In 2007, Sutherland wrote and starred in the Cannes Film Festival award-winning piece Run. Created in collaboration with Mark Albiston, the film secured a Special Mention in the Short Film category at the Cannes.

Sutherland later partnered with Mark Albiston under the directing banner Mark & Louis to create their follow up short film The Six Dollar Fifty Man which earned Special Distinction at the 2009 Cannes Film Festival. The film went on to win major awards at both Sundance and the International Film Festival in Berlin. To date, it is the most successful short film for the New Zealand Film Commission.
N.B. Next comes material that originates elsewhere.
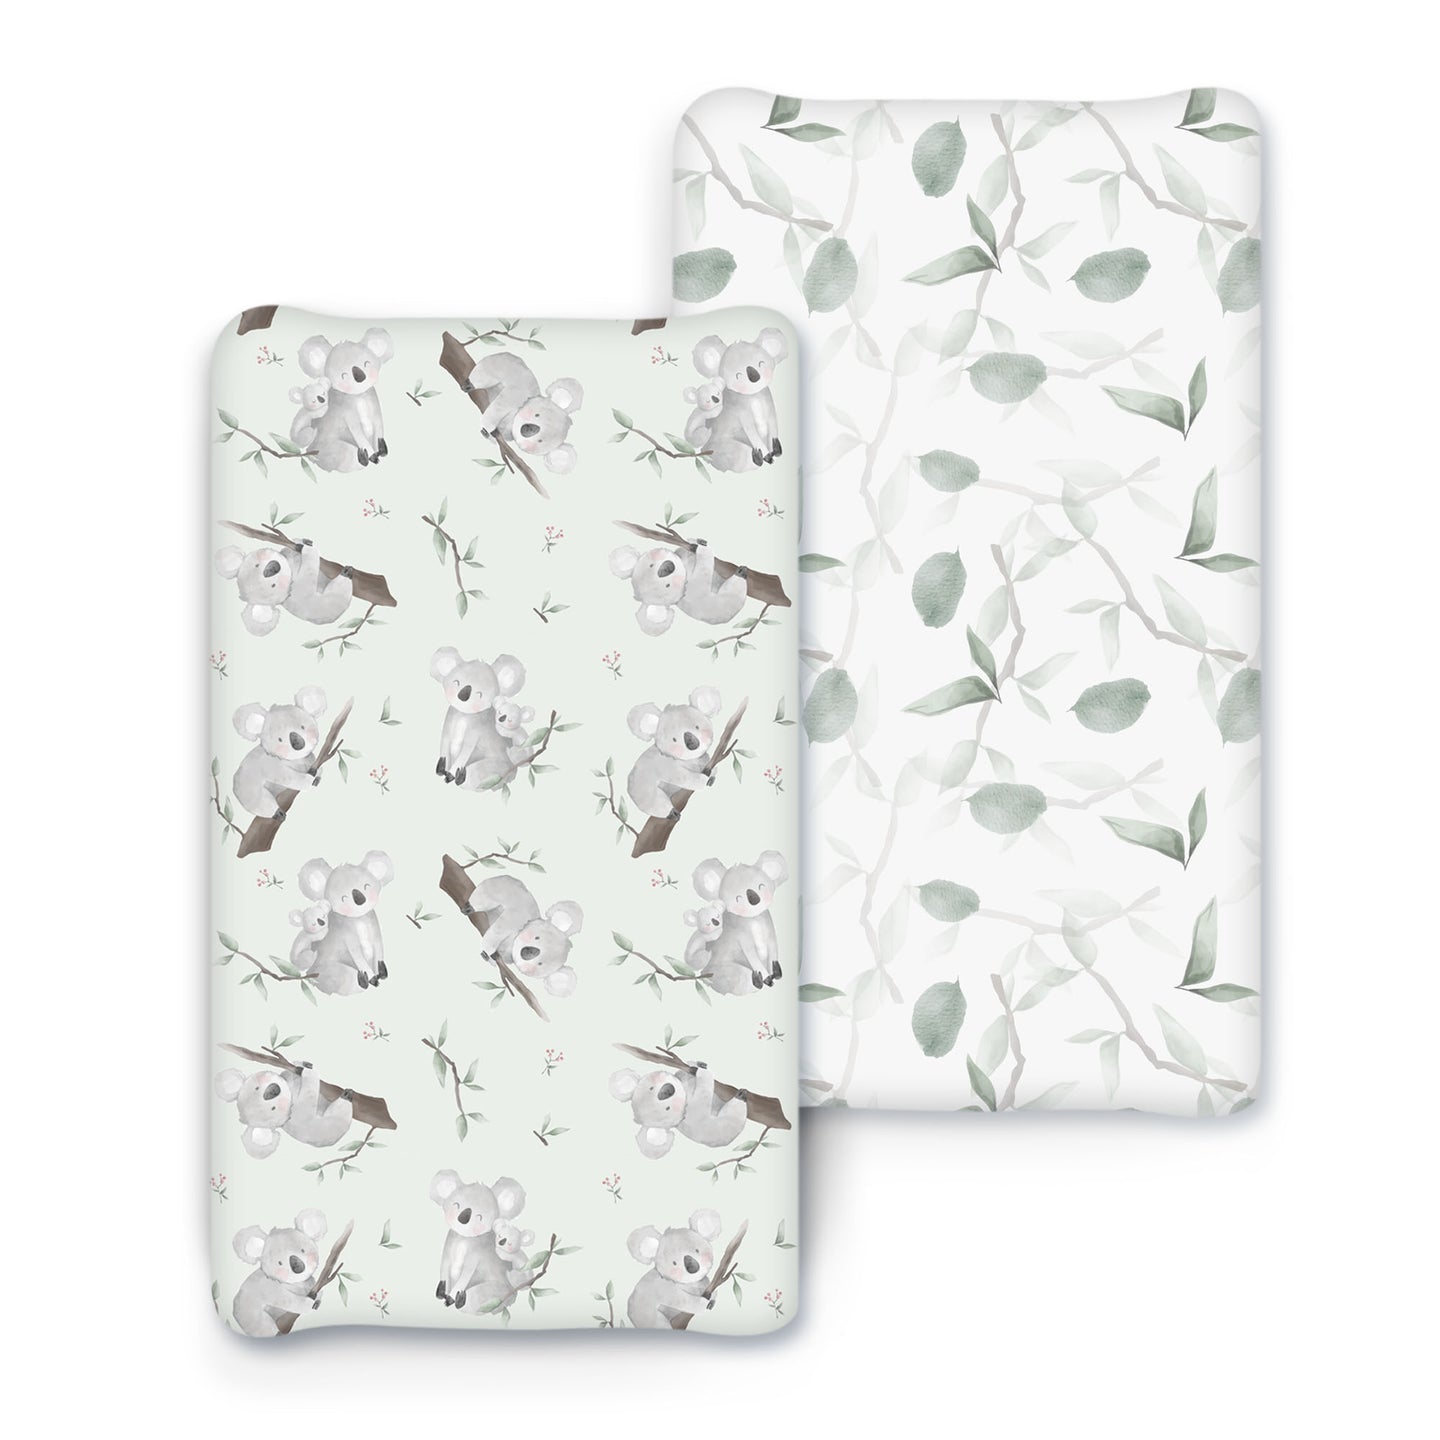 Acrabros Snug Fitted Changing Pad Cover Set Koala leaf

At the 2013 Sundance Film Festival Sutherland premiered Shopping, his feature film co-directorial debut with Mark Albiston. Based largely on experiences from his own childhood, the film received rave reviews and earned several awards including a Grand Prix at the Berlin International Film Festival and seven New Zealand Film Awards including Best Film, Best Screenplay, and Best Director.

Sutherland has increasingly focused on his directorial career, passing up acting opportunities to work as a film and commercials director.

==Filmmaking style==
Sutherland's films have been auto-biographical to an extent, based on his experiences of growing up on the Kapiti Coast in New Zealand. This approach to writing and directing has given the films a "heartfelt" and honest tone, helping create "an emotional immediacy in the performances". Sutherland has displayed a deft hand at working with children in his short and feature films, and this trait is also apparent in his commercial work for the Alannah & Madeline Foundation, Otto and others.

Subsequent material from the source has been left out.